MIT, Cornell, Northwestern, Columbia dan universitas besar lainnya kini justru banyak menyelenggarakan sertifikasi AI.
Menurut CompTIA, jabatan yang paling populer untuk terkait pekerjaan dengan AI adalah "insinyur pembelajaran mesin" dan "insinyur kecerdasan buatan".

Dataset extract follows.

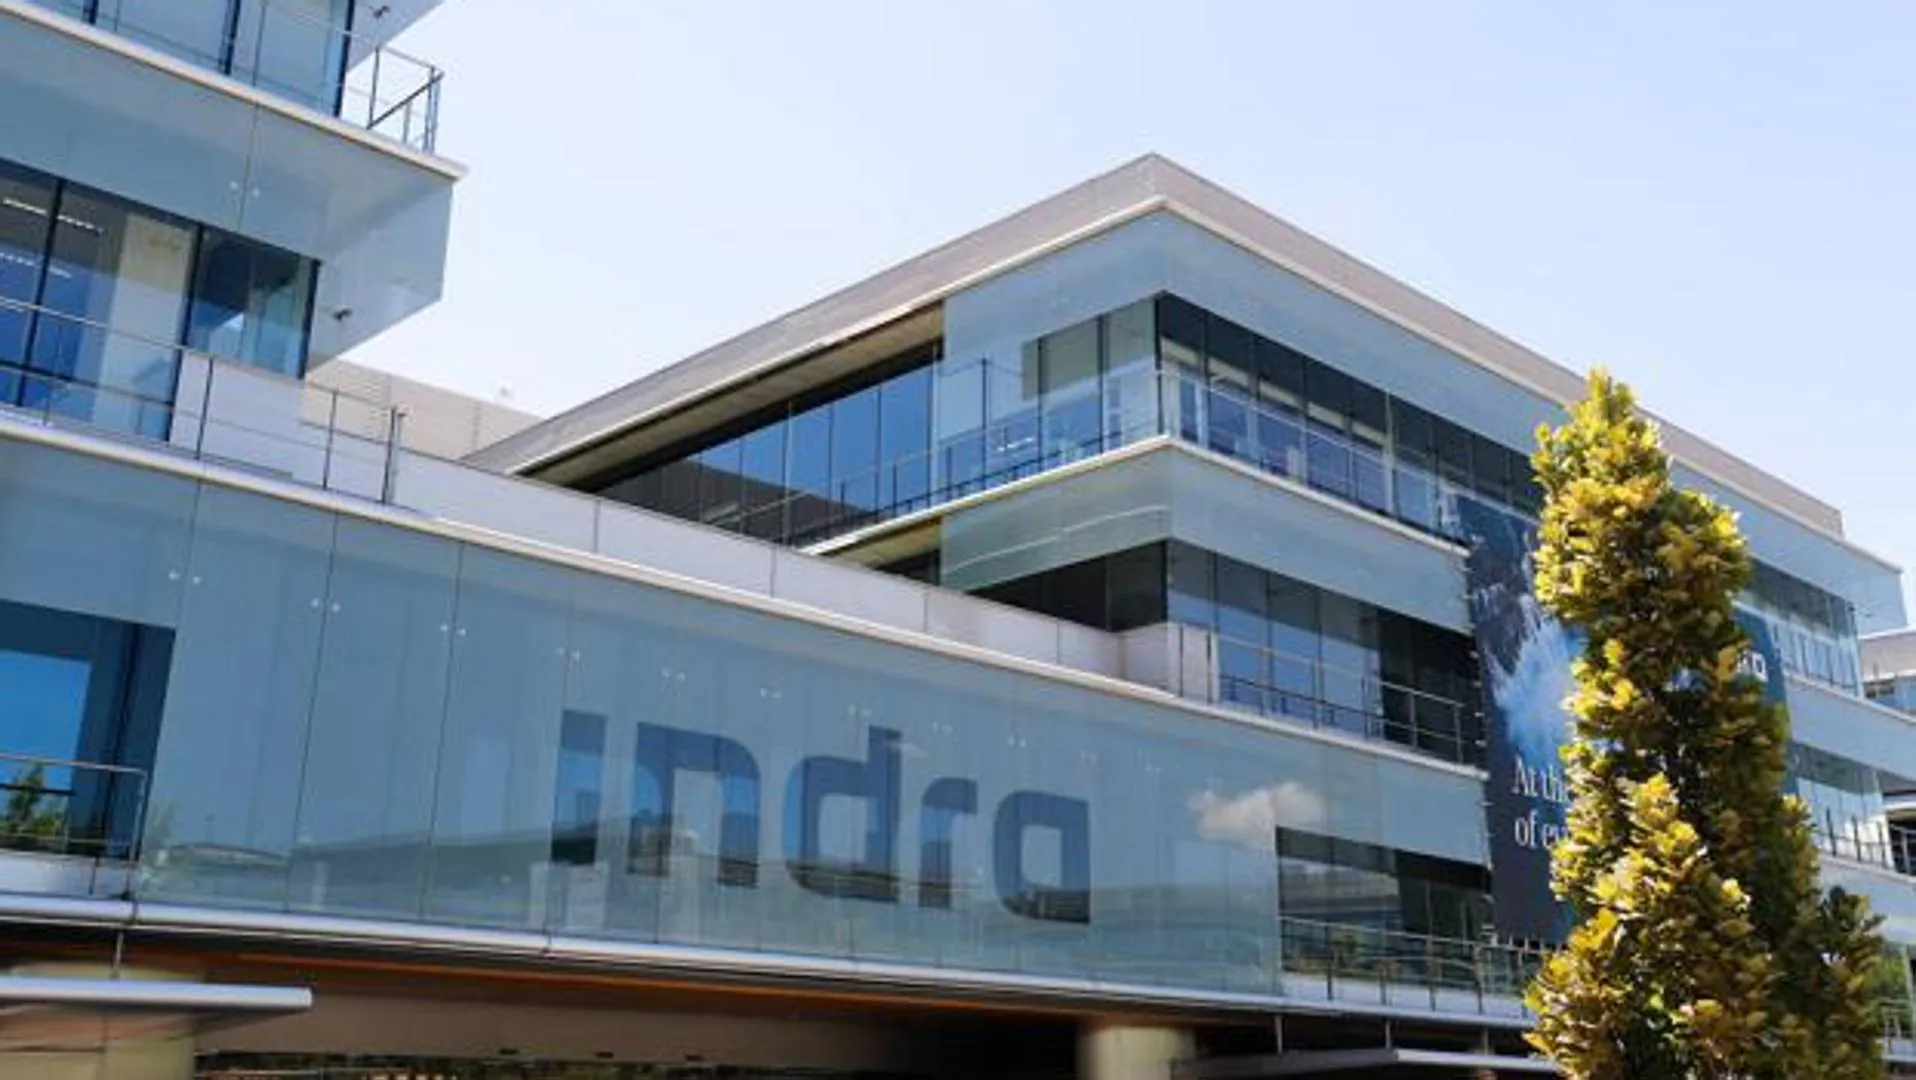 Indra will increase the number of directors to 16 with two women as independent

Beberapa keterampilan yang tercantum dalam lowongan pekerjaan ini adalah "menerapkan dan menskalakan model pembelajaran mesin" dan "mengotomatiskan pelatihan model bahasa besar, pembuatan versi, pemantauan, dan proses penerapan."
Anda tidak dapat mempelajarinya dengan cepat tanpa latar belakang matematika atau pengkodean.
Dalam survei terbaru yang dilakukan oleh Microsoft dan LinkedIn terhadap lebih dari 9.000 eksekutif, 66% mengatakan mereka tidak akan mempekerjakan seseorang tanpa keterampilan AI, tetapi tidak jelas, seperti apa sebenarnya keterampilan tersebut.